Banking Sector Stress - India Vs UK
By: Amit Bhushan Date: 21st May 2016
It is said that democratic polity in India draws a lot of inspiration from democracy in more mature countries like UK from where we imported our constitution. The United Kingdom was impacted by crisis in their banking sector as a result of financial meltdown in the USA in around 2008 which subsequently engulfed the whole world but Europe in particular was much badly impacted. While the government had to step in with tax-payers money to bail out the banks which were mostly private however it did so with strict conditionality that the small enterprises as well as household credit supply should continue uninterrupted.
In fact some of the conditions related to loans to individuals/employees losing jobs were turned even friendlier. This ensured political support for the bank bailout although dole out of tax-payers funds to bail out banks still remains unpopular. Much of the population still wants capping on salaries of bankers as well as higher capitalization so that banks manage their own affairs by absorbing all business risks on their own rather than bothering taxpayers or creating conditions that freezes normal functioning of the markets.
The regulators as well as legislators seen pushing through the same remain popular while those free market champions who are trying to shrug off the bailout package as happenstance (& no corrective measures required) are losing ground. By comparison, what we see in India is that banks have lost money on corporate debt which is not regulated i.e. no law or statute forces the banks to lend to the sector; and by implication banks can choose to be as strict as possible in making these credit evaluations. This seems to be causing some consternation and Public sector banks are seeking tax-payers money to bail themselves out.
Now there seems to be political forces as well as intelligentsia in support for the move as this accordingly will propel economic growth however this is being done without any correctives so that credit supply for the small businesses and retail remaining intact. While the banks have indeed cried hoarse in the past about agri-sector stress and governments have intervened with loan waivers which the same intelligentsia opposed. This opposition was on account of cultivation of the practice of not servicing loans by agriculturalists or even allowing banks with adverse selection practices which would tend to derail the economy. However when it comes to corporate loans, no data is released that which loans or accounts have been bad for how long.
The information on past bail out for the groups or writeoff / haircut or interest waivers is withheld from public in public interest (or on account of privacy of banking data, which we do not know if it should apply on writeoffs/hair cut since defaulter's list is a public list).
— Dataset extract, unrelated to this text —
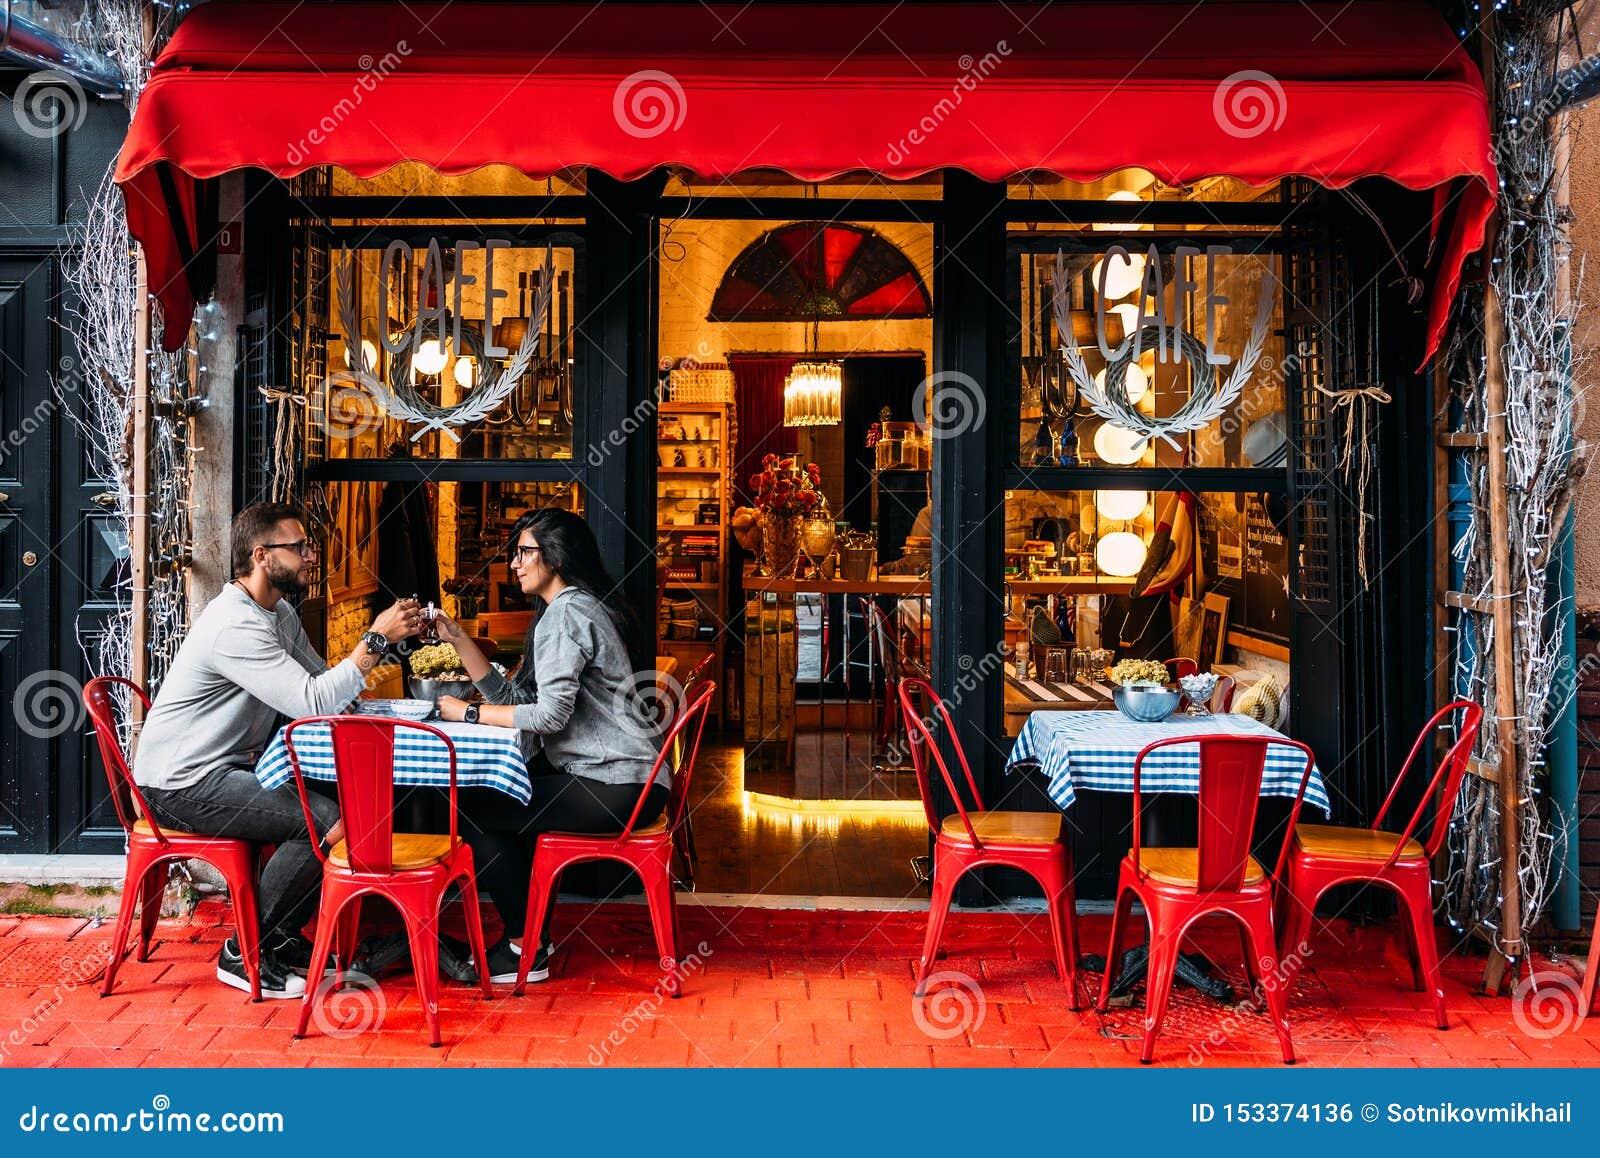 Szczęśliwa para pije herbaty w ulicznej kawiarni Para w mi?o?ci w kawiarni Mężczyzna i kobieta pije herbaty w kawiarni Pary obsia

What is discussed is simplistic issues like steel & power sector facing low demand and roads being held on account of clearances as reasons for much of the stress. A look as the history of defaults and past bail outs received by these account holders can be quite revealing.What is being discussed is accounting treatment that can be resorted to these loans or fiscal measures for the stressed sectors to bail out the promoters.
While government resorting to tariff and non-tariff measures in conjunction with the affected industry as well as the consumer industry might have support and the resultant impact on people will be witnessed in electoral ramblings. It is however the banking related measures whereby which the defaulters are perennially protected or even continued to be lent with more loans (evergreening of these loan accounts), is a measure that needs to be checked. This denies other borrowers with their chance as well as banks developing an unhealthy practice of not competing to seek enough credit worthy clients, which actually kills entrepreneurship. With India making noises around startups and running multiple schemes, let's see how it pans out.